DATA EXTRACT:
━━━━
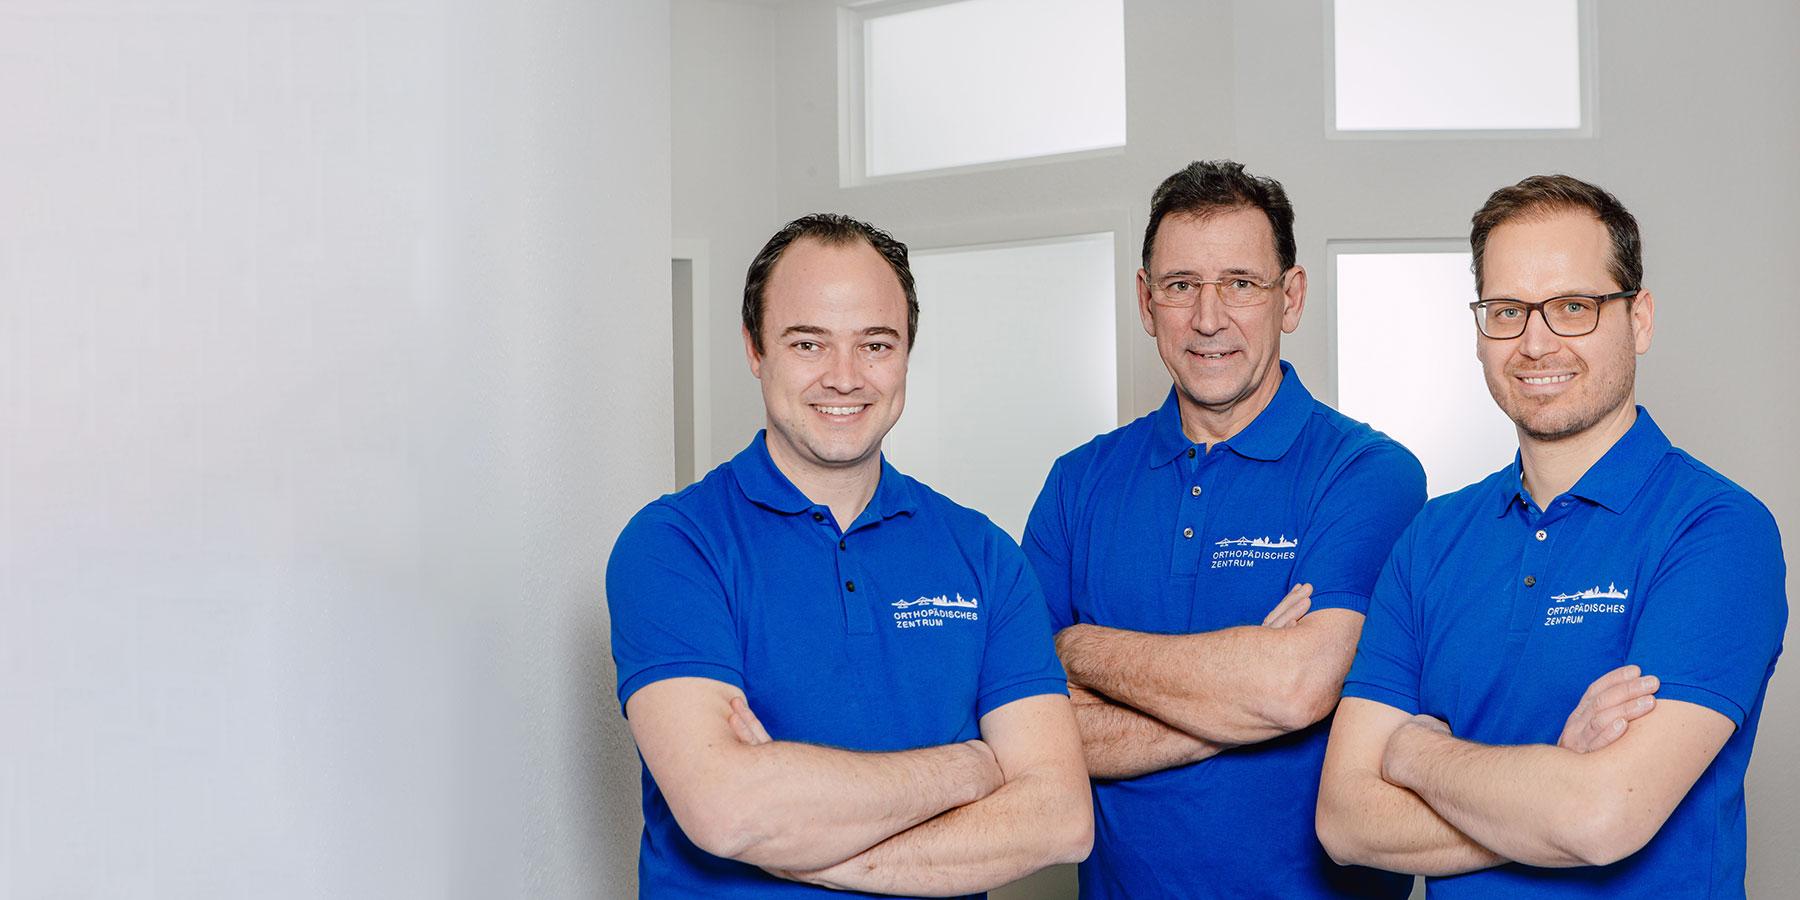 Orthopädisches Zentrum Krefeld - Fachärzte für Orthopädie & Unfallchirurgie
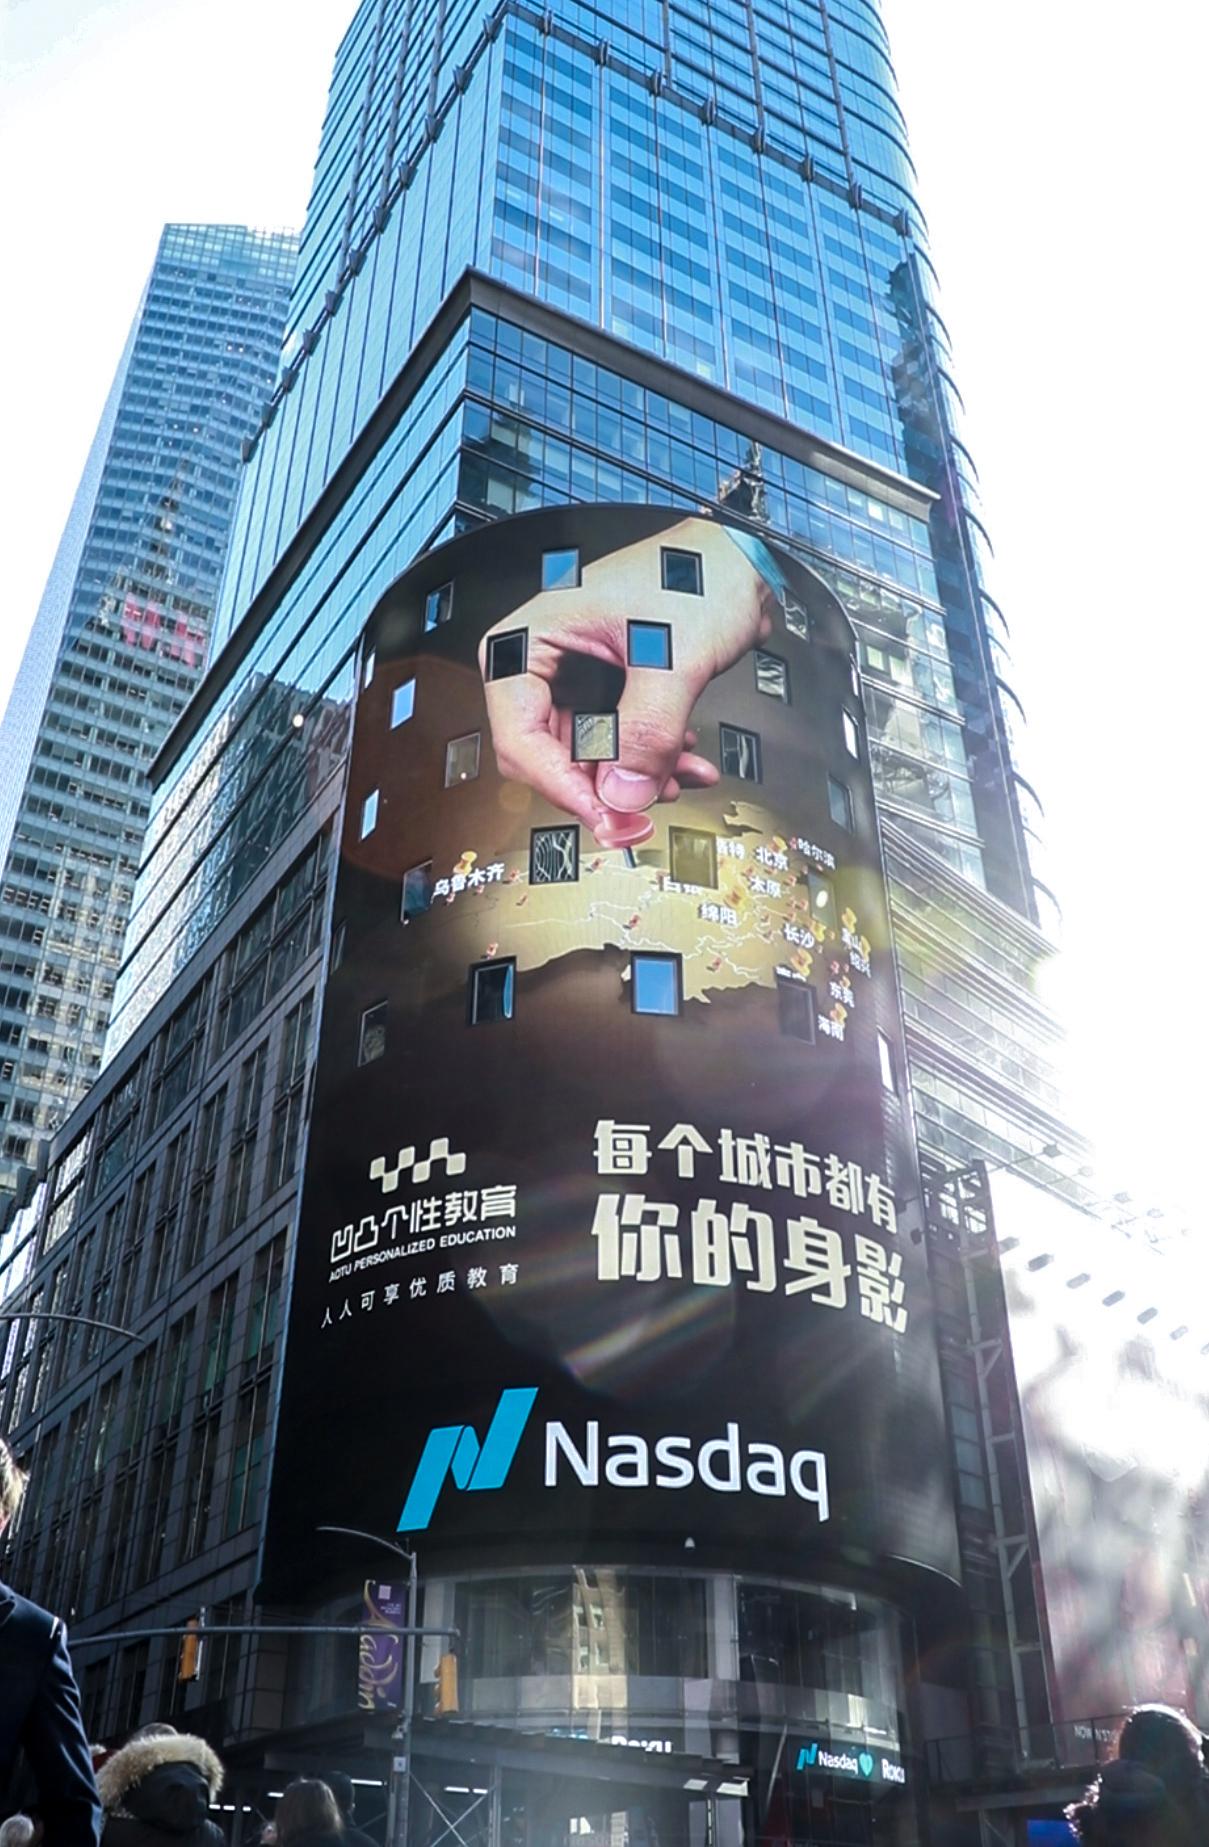 """凹凸个性教育登陆纽约时代广场大屏""""向世界展示精彩"""""""
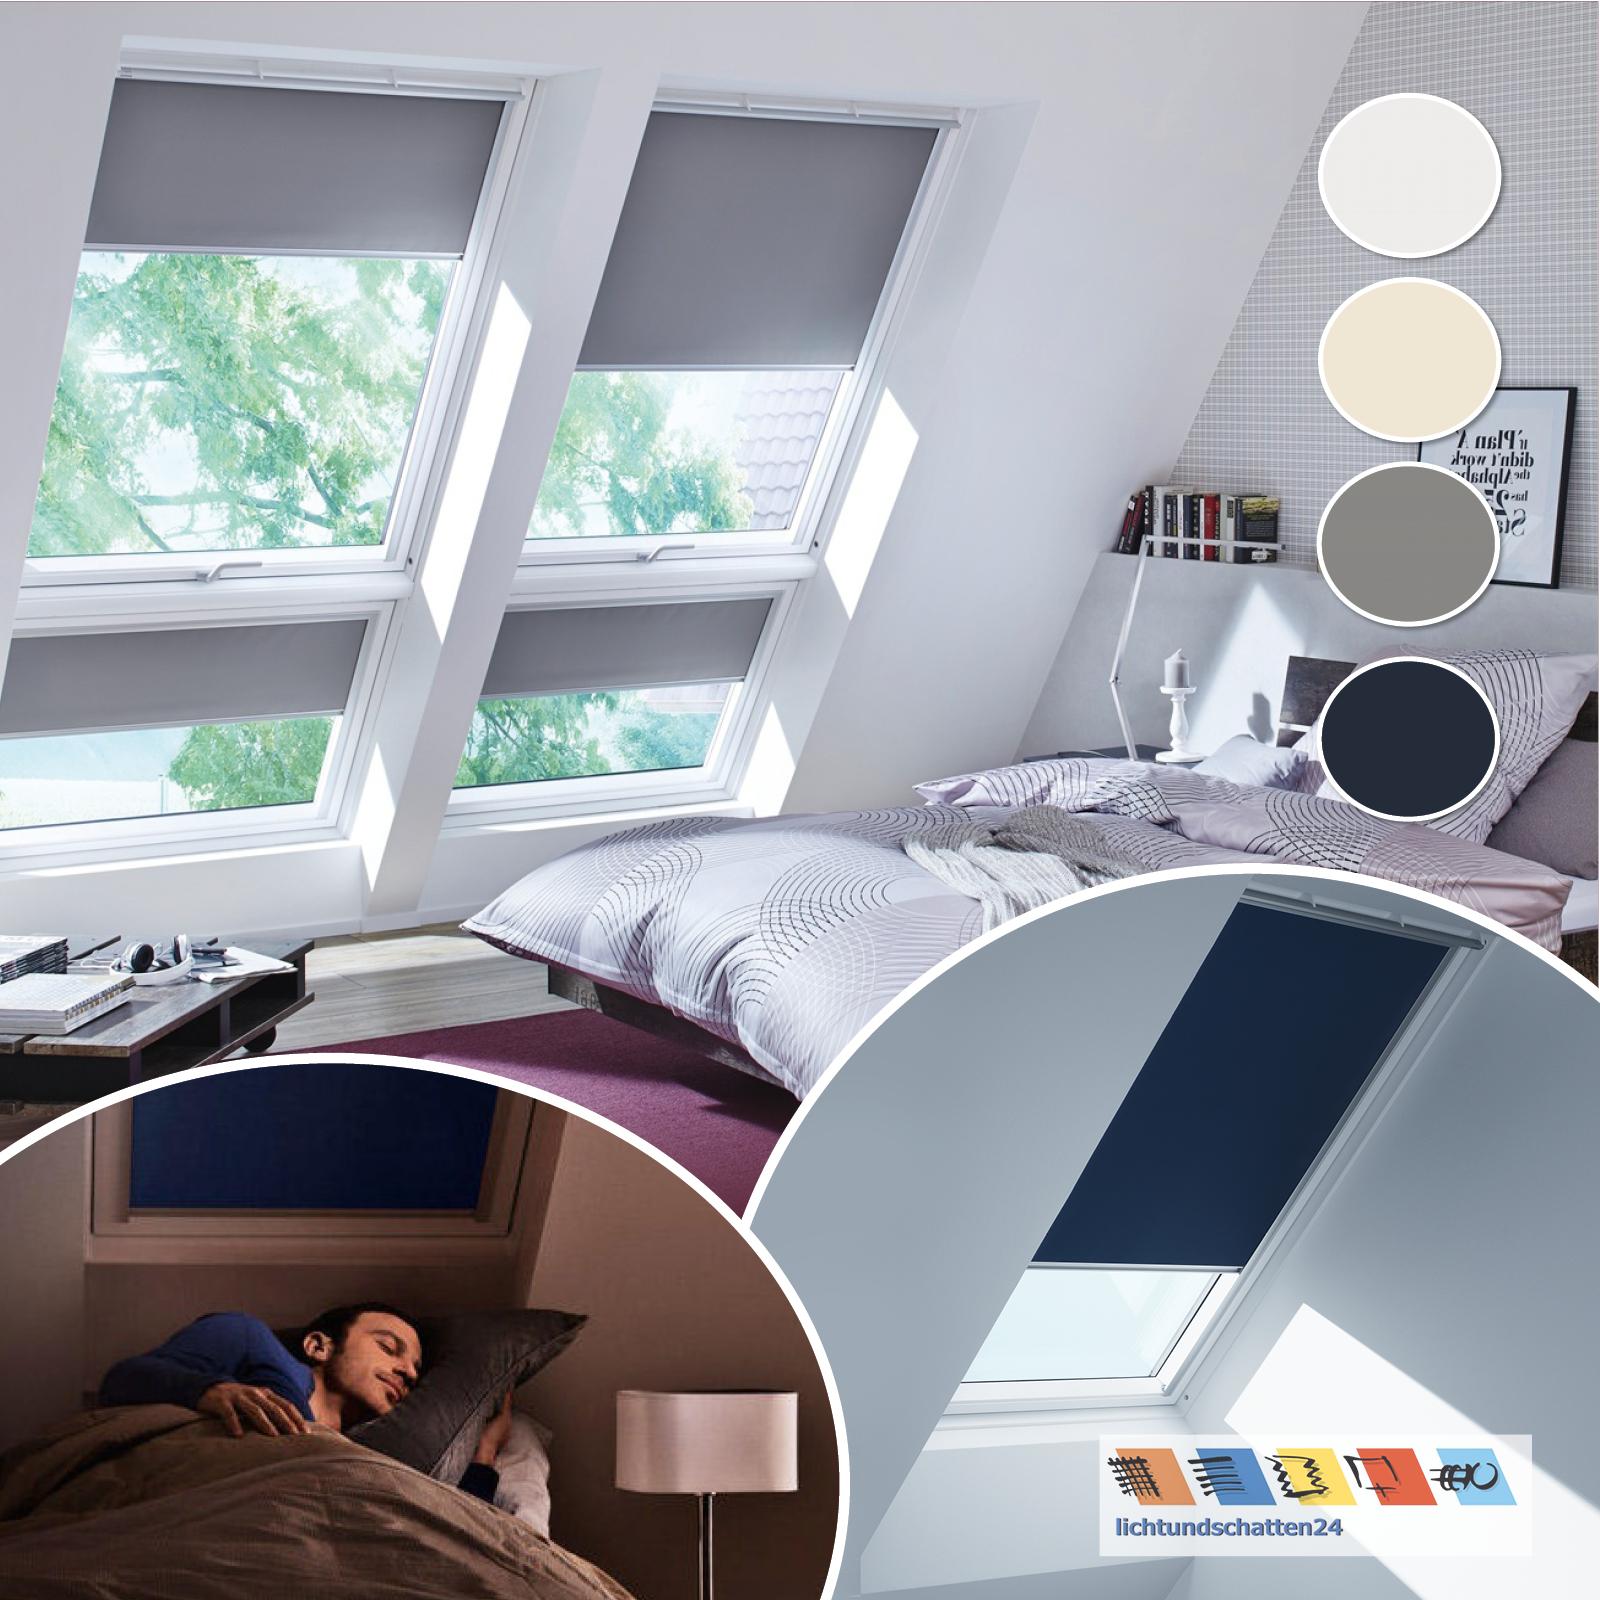 Full Size of Original Veludachfenster Thermo Rollo Verdunklung Fr Vl Vu Vku Rehau Fenster Günstig Sofa Kaufen Hannover Velux Dreifachverglasung Pvc Alu Küche Tipps Fenster Velux Fenster Kaufen
━━━━
ABOUT THIS TASK: Word-for-word transcript, pictures excluded: copy all the material above.

SOLUTION FOR THIS PROBLEM:
 Orthopädisches Zentrum Krefeld - Fachärzte für Orthopädie & Unfallchirurgie
 """凹凸个性教育登陆纽约时代广场大屏""""向世界展示精彩"""""""
 Full Size of Original Veludachfenster Thermo Rollo Verdunklung Fr Vl Vu Vku Rehau Fenster Günstig Sofa Kaufen Hannover Velux Dreifachverglasung Pvc Alu Küche Tipps Fenster Velux Fenster Kaufen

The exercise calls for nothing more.